Sunday, April 3, 2016

Generic Drug Manufactures on the Backfoot

Japans courts recently give decisions in favor of original drug manufactures one after another, while the government is seeking to promote generic drugs in order to reduce total medical expenses.

In June last year,the Supreme Court gave a ruling regarding product-by-process claims that a product having the same structure or feature infringes the patent, even if its production process is different (TEVA v. Kyowa Hakko Kirin). In November, the Supreme Court made a decision that Patent Term Extension should be approved for a drug patent when the drug is granted marketing authorization for different dosage and administration even if the drug has the same ingredients (Genentech Inc. v. JPO), as reported in this blog.

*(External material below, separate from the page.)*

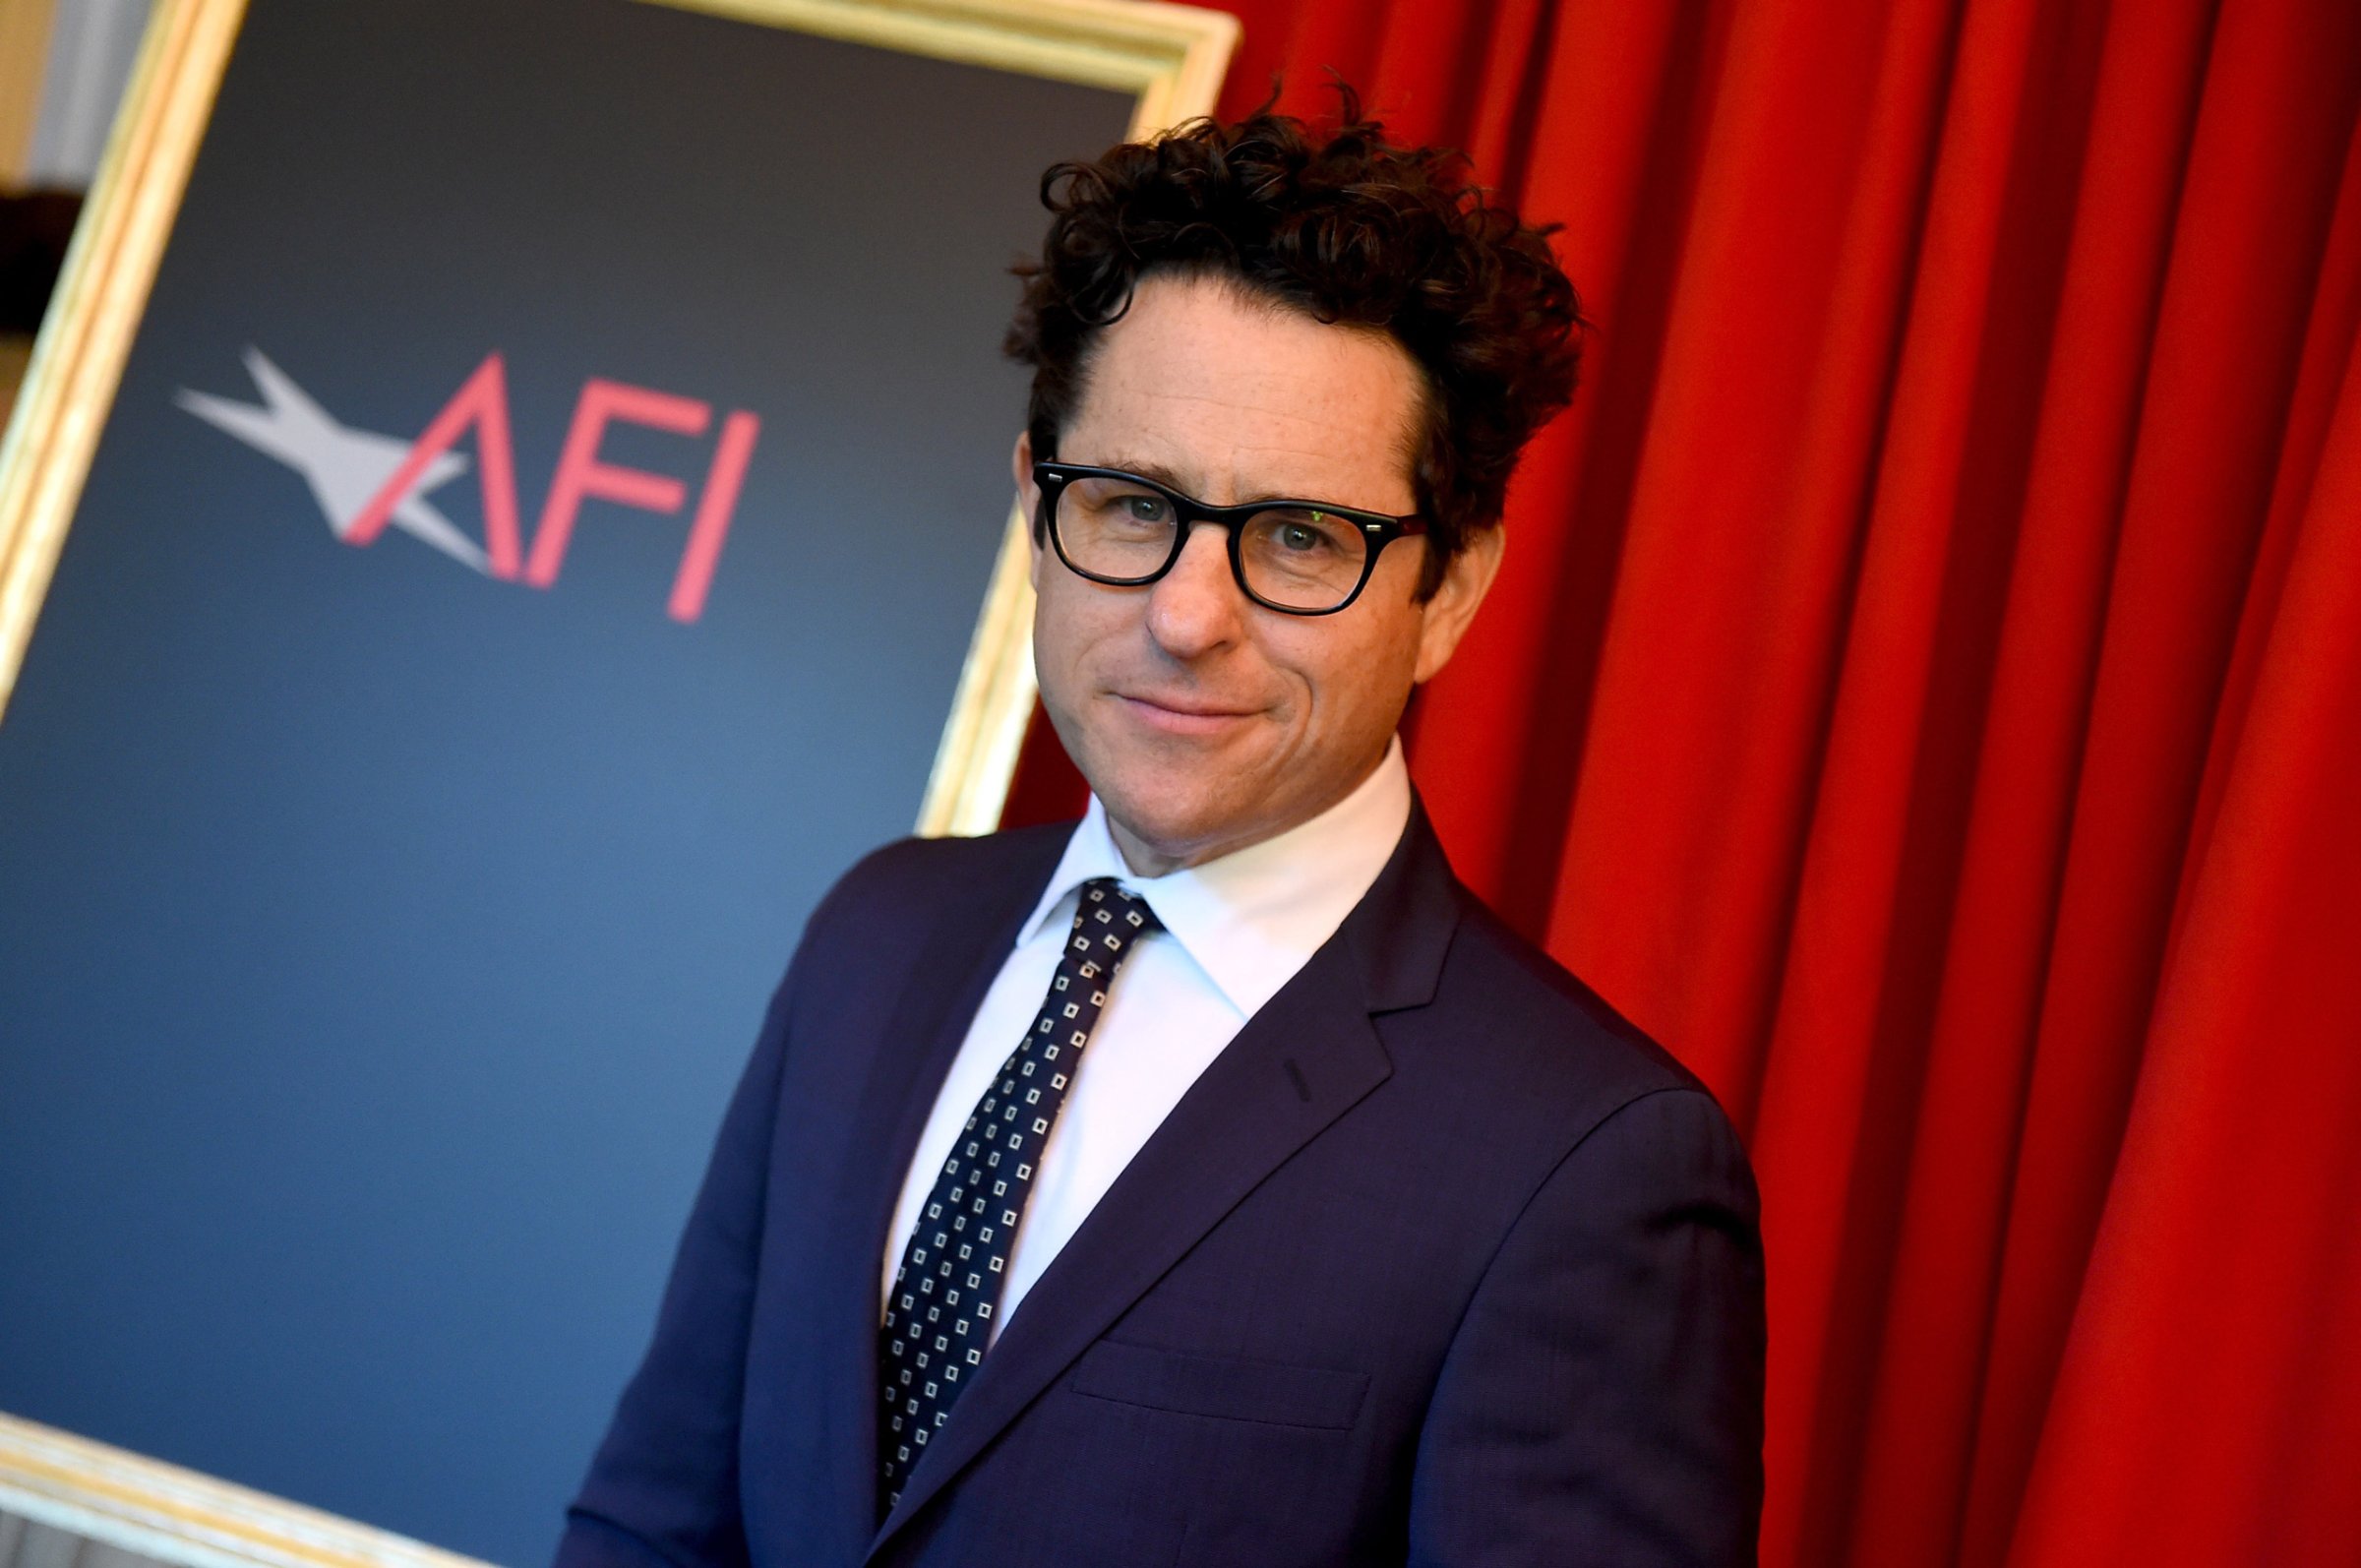 BEVERLY HILLS, CA - JANUARY 08: Director J.J. Abrams attends the 16th Annual AFI Awards at Four Seasons Hotel Los Angeles at Beverly Hills on January 8, 2016 in Beverly Hills, California. (Photo by Kevin Winter/Getty Images for AFI)

Then, in March 25 this year, IP High Court upheld the decision of Tokyo district court in favor of Chugai Pharmaceutical that generic drug manufactures infringe the Chugais patent for manufacturing process of maxacalcitol which is the active ingredient of antipsoriatic agent, under the doctrine of equivalents. In this case, Chugais corresponding substance patent was already expired but the process patent was alive when generic drug manufactures sold their drugs. 

In view of the above, it seems there is a trend of original drug manufacture’s patent being protected for a longer time and interpreted more broadly.

[Updated]
Regarding the Chugai's case, the drug manufactures made a final appeal to the Supreme Court on April 7.